Ten years down the digiscoping road and pretty much everyone (here) has tried taking a photo through a telescope or binocular. And I am guessing you have too. Chances are your first photos were crap not good.
The vast majority of us have a digital camera and are able to take some nice holiday photos, and wonderful happy-snappy photos of the kids/dog/drunk friends. Compact cameras have made it really easy. And wonderful fun. And we get to share our photos with the whole world on Facebook.
Long focal length photography is a whole different story altogether. And digiscoping is no exception.
3rd birthday party photos = mini-golf. digiscoping = golf course.
one is not better than the other, they are both fun, but they require different levels of skill, knowledge and practice. And this all takes time and effort. Which is why, I believe, so many get frustrated with digiscoping when they first try it out.
So why can’t digiscoping just be easy?
the thing is it can.
pretty much every compact camera on the market these days has a half decent video function. And the bulk of new cameras have HD video. Take the $150 super small, super simple Canon Ixus 130 (SD1400). Wonderful for holiday snaps, mild for digiscoping, but takes really great 720p HD video! (this video on digiscoping shutter speed was filmed with one). If you want to make your life simple, don’t even worry about trying to get great photos – switch over to video mode and get neat little films to show your friends (and the rarity committee).
Video digiscoping has three major advantages:
1. Video digiscoping makes it really easy way to record what you see
If you want to take great digiscoping photos then that little green square on your camera (automatic mode) is your enemy, and you need to take in to account Aperture (video), Shutter Speed (video), ISO (video), Stability (video) etc. With digiscoping videos, you can pretty much just set up your camera (or hand hold it in place) and click record. For better videos, make sure your camera is set to the best quality video, set up your camera nicely on an adapter, focus the scope, half press the shutter release (letting it autofocus), press through to start recording, and get your hand away. Obviously, having a big video head and carbon tripod will help to give you stable video, but the focal lengths are just so high, and the system length so long that even having your finger lightly on the focus knob or camera will bring in shake. So if you want stable videos, try to reduce camera shake, but also always try to take your hand off of the camera once you have clicked record.
2. Video digiscoping can be really useful in low light and over long distances
If the light is not so good, your camera will usually automatically use a higher ISO. This means that the video (or photo), will appear more “grainy” with more noise in the image. High noise in photos often means that the bird or subject become hard to see or identify because so much information is lost. In a video, we have one great big thing that helps us out: movement. If the focal bird or animal is moving just a little bit, this offers our eyes a whole lot more (complex) information than a single static image. While grainy videos might not be ideal, it will oftentimes mean that you can get useful (and fun) images of interesting creatures long passed the point at which photo cameras stopped being useful.
When a bird (or wolf) is really far away, you can still get recognisable video footage even if the photos don’t work at all. As with low light situations, the movement of the creature convey way more information meaning that a hopping pitta, even if it is small, makes for a great spectacle.
Male Gurney’s Pitta. This pitta was in an incredibly dark forest and I got no nice photos of it, despite trying (1000 times). Despite the dark and long distance, so much information is captured in the video about the bird’s behaviour, beauty and its rainforest environment. Digiscoped with a Swarovski STM80HD scope, TLS800 and Canon 5DmarkII.

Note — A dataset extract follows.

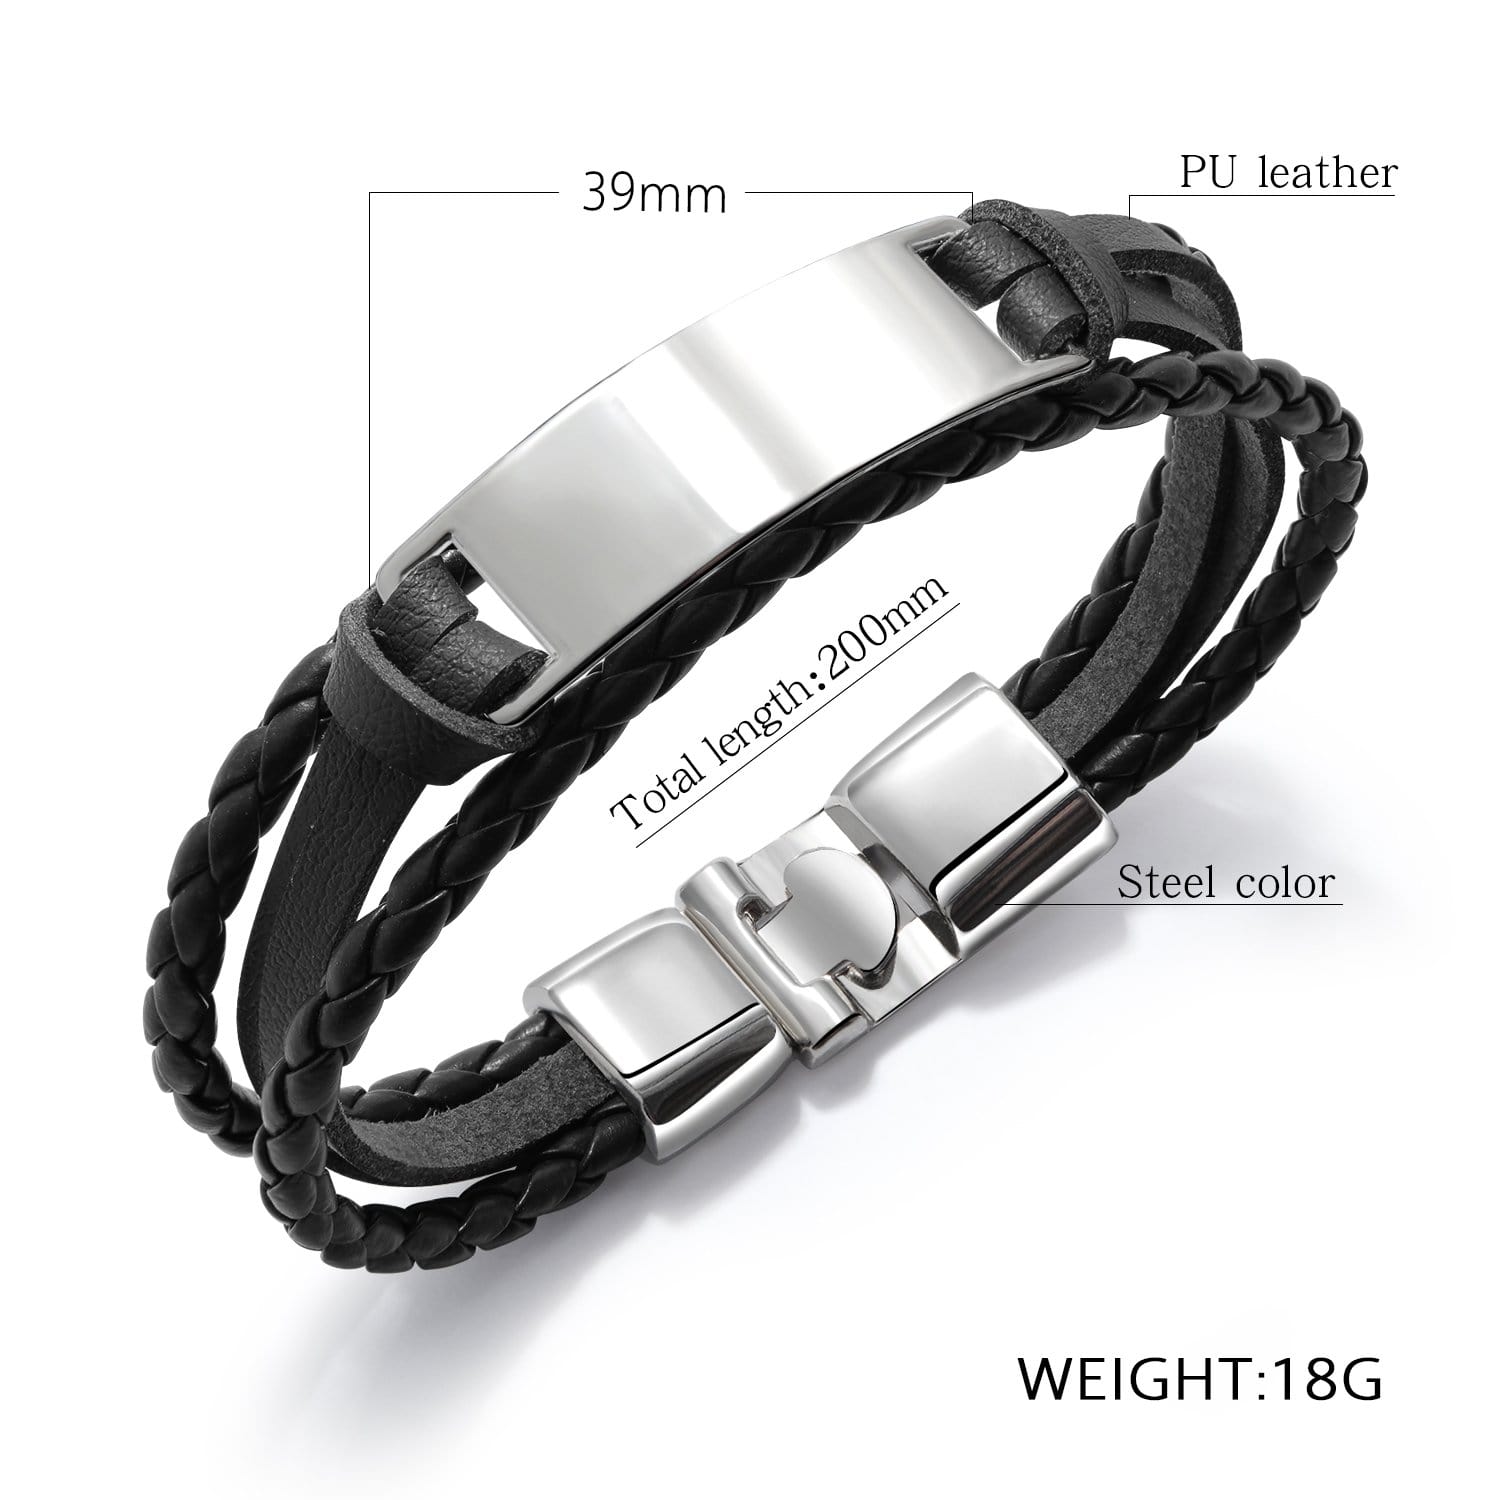 Bracelets To My Girlfriend - I Love You Leather Bracelet GiveMe-Gifts

3. Video digiscoping for documenting rarities
If you see are rare bird, or a bird you think might be a rare bird, take a video! please! While you are calling your mates, take more video. Once you have tons of video, then think about getting some nice photos. The thing is, when you take a photo, you only have one specific moment captured and that is very unlikely to capture all the information you need to make the identification. Oftentimes, you will need small things like toe webbing, rump colouration, nape plumage, angle of the head, underwing coverts… all of which can be incredibly difficult to capture on a photo. But if you have a video, especially if you are patient and persistent, you are way more likely to get that critical angle. Obviously, the better the video quality (HD?), the more detail you can see when the bird makes the critical movement.
An example of proving a bird/location (ya ya, I know Short-eared Owl is not rare in Kazakhstan, its just an example)
A couple more suggestions when it comes to rarities. Don’t be afraid to talk while taking the video and describe what you see in minute detail. Get your mates to do the same. Although it might annoy an editor at NatGeo, it is a good replacement for field notes when it comes to a rarities committee submission. Once you have all the critical video captured, you might want to disconnect your camera from the scope (while filming) and take some footage of the area where the bird is. Having one single video clip that shows the bird in the scope, then you clumsily dismantling the system, and swinging a wide-angle pan across the landscape is a great way to prove a location. You could even add your goofy happy face at the end of the pan to prove you were there.